Painting and Photography

This article in the Guardian makes me faintly smile; that desperate yearning that photography has had for a century now to be recognised as an art form.
At Art College my chosen discipline was painting. I was a term into the three year course when I realised that being stuck in a corner of a studio with introverts was going to bore me. And I began to strike out sideways, looking for a more adventurous outlet for my energy. Tried ceramics but found it too slow, etching ditto. Then photography! Took to it like a squirrel to acorns.
It wasn't just that it was an instant experience, taking photos, developing film, making contact prints, printing images, not just that. What appealed to me were the people, the students. They communicated with one another, showed each other their images, smoked and drank too much and weren't so damn serious like those painting types.
So this is where my life divided and I found myself equally fascinated by painting, which slowed me down and Photography which sped me up.
Then I become equally bored by the Art Institution itself and started an art adventure club which did daft things to keep minds alive. I would hire a plane for a day and fill it with a hundred students and lecturers and fly off to Amsterdam to see an exhibition. Such stuff. It was performance art of a sort.
So even then I couldn't stay still enough to be considered as one thing or another in terms of a definition.
And after all those years I still think the same way. Which is what?
It is this. I tell young people to just get on and do stuff. That creativity is all that matters, and when you get on that train, it could take you anywhere and you don't have to stop at any station.
And I like to create art communities, to mix things up to turn folks upside down. Just because art can never be static, creativity is a wild river which cuts its own  direction.
And my photography and painting live happily side by side and have a relationship, one with the other. I paint images which drift into my head from the Gap. Then (and it could be any time later), I see that very same image out there somewhere in photographic reality. Oh, not the exact image graphically but they are the same to me in the zing effect they have on my imagination, that wondrous clearing house in my mind.
Here are two images which I offer as an example
 























Don't ask me for an explanation, it would spoil things.
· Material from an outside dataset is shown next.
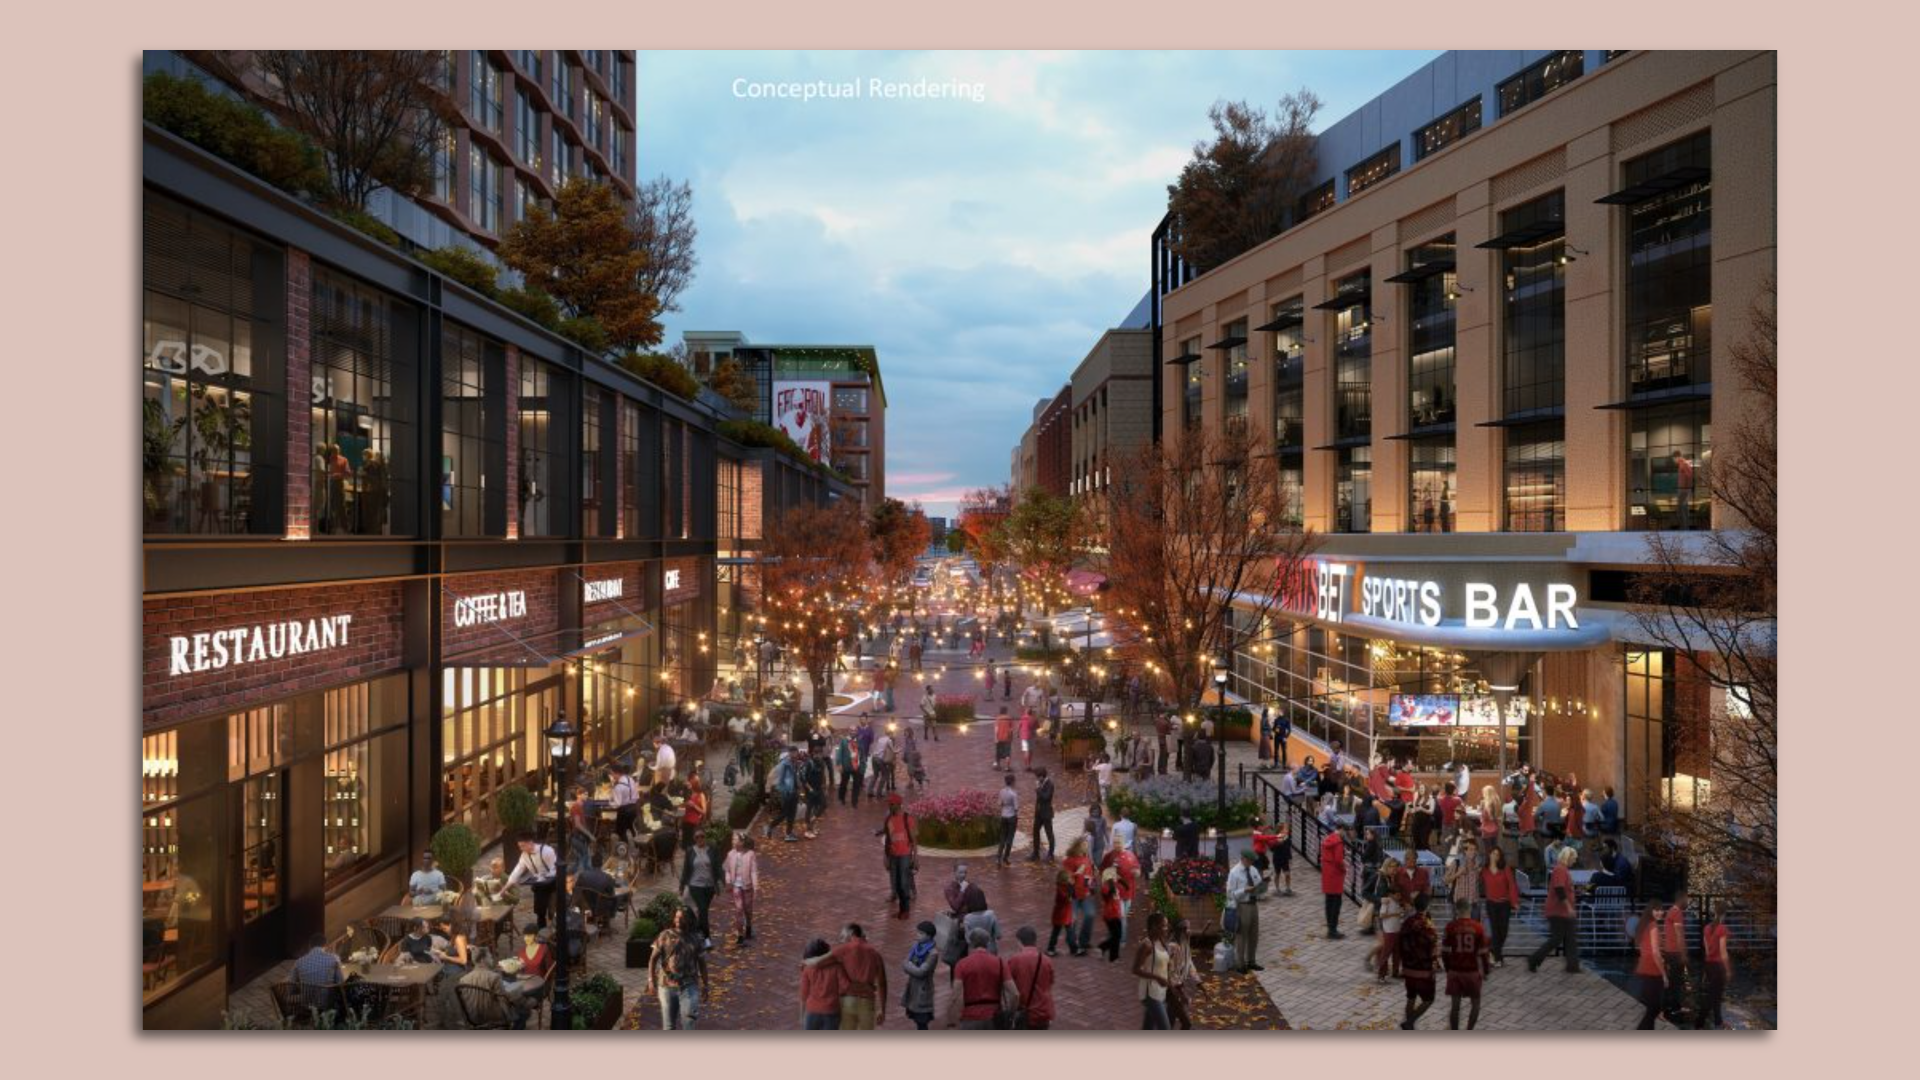 A rendering shows a bustling street with shops in District Detroit.

I have opened a community 'The Creative Village' on Arthur Fox's site Innovation Global Network which you might like to join and find out about workshops planned in Italy next year.
Costs nothing to join and is full of interesting people

Michael
At Starstone
Next retreat in Assisi, Italy  'Wellness, Mindfulness: Painting your Life, 12 to 17 October

Sunday, August 2, 2015

Awareness in the People's Republic of Bristol

Bristol: Photography and Awareness

I'd written off my car in Italy the day before I had to fly to the UK for our workshop at Hamilton House and arrived in a nervous state knowing full well I should have cancelled the trip (bruises, wounds and all). Glad I didn't though because the experience proved to be a fascinating one both for us photographer/leaders and for the participants I'm sure. This was our first workshop together, Steve, Colin and I, although we knew each other from our collective past and had a show in Turkey last year together with the same title 'Photography and Awareness'
So that was exactly a month ago and during this time we all us had pledged just one photo each by the end of July; the theme 'A heartfelt image'

'The object isn't to make art, it's to be in that wonderful state which makes art inevitable'....Robert Henri

This is my fall-back message to self whenever I am working on a retreat or workshop (in fact I must get the T shirts printed) and in Bristol this popped up and swam around my head from start to finish.
Let me explain more clearly by going back and forth in time, starting from yesterday on the beach at Porto Potenza.
The image below; Man the photographer/hunter (may he forgive me, whoever he was)

  
When Tony Maestri and I started to work together at the then School of Photography and the now Arts University Bournemouth, we'd been out in Mexico and California and were fired up on all that stuff out there, stories about all those West Coast Boys (and girls), those photographers who had elevated photography into an art form, Weston and Adams, and then  Imogen Cunningham and the f64 group. I'd met Ansel Adams a few times and remember someone asking him the technicalities of his famous 'Moon over the Sierras photo' He answered 'Heck I don't remember. We were rambling down to New Mexico, all drunk as hell in a dodgy station wagon and happy and laughing. Saw this huge moon and we stopped to breath it in. And I stuck my tripod on the car's roof and just opened the shutter for I've no idea how long...and that's what I got. Luck? No of course not! The photo wanted to be taken and that's all there was to it'
Love that memory.

So, you are getting the drift of this, huh?
In my mind there are two types of photographers, The hunter (image above) who searches outside of the lens and then the poet, dreamer, who operates this (the mind) side of the lens. For the former, the camera is a metaphor for a rifle, stalk your prey, make a killing. For the latter, a mystical machine which interprets his unique inner vision. And there are those, of course, who float in between, searching for that space (gap) where the light gets in.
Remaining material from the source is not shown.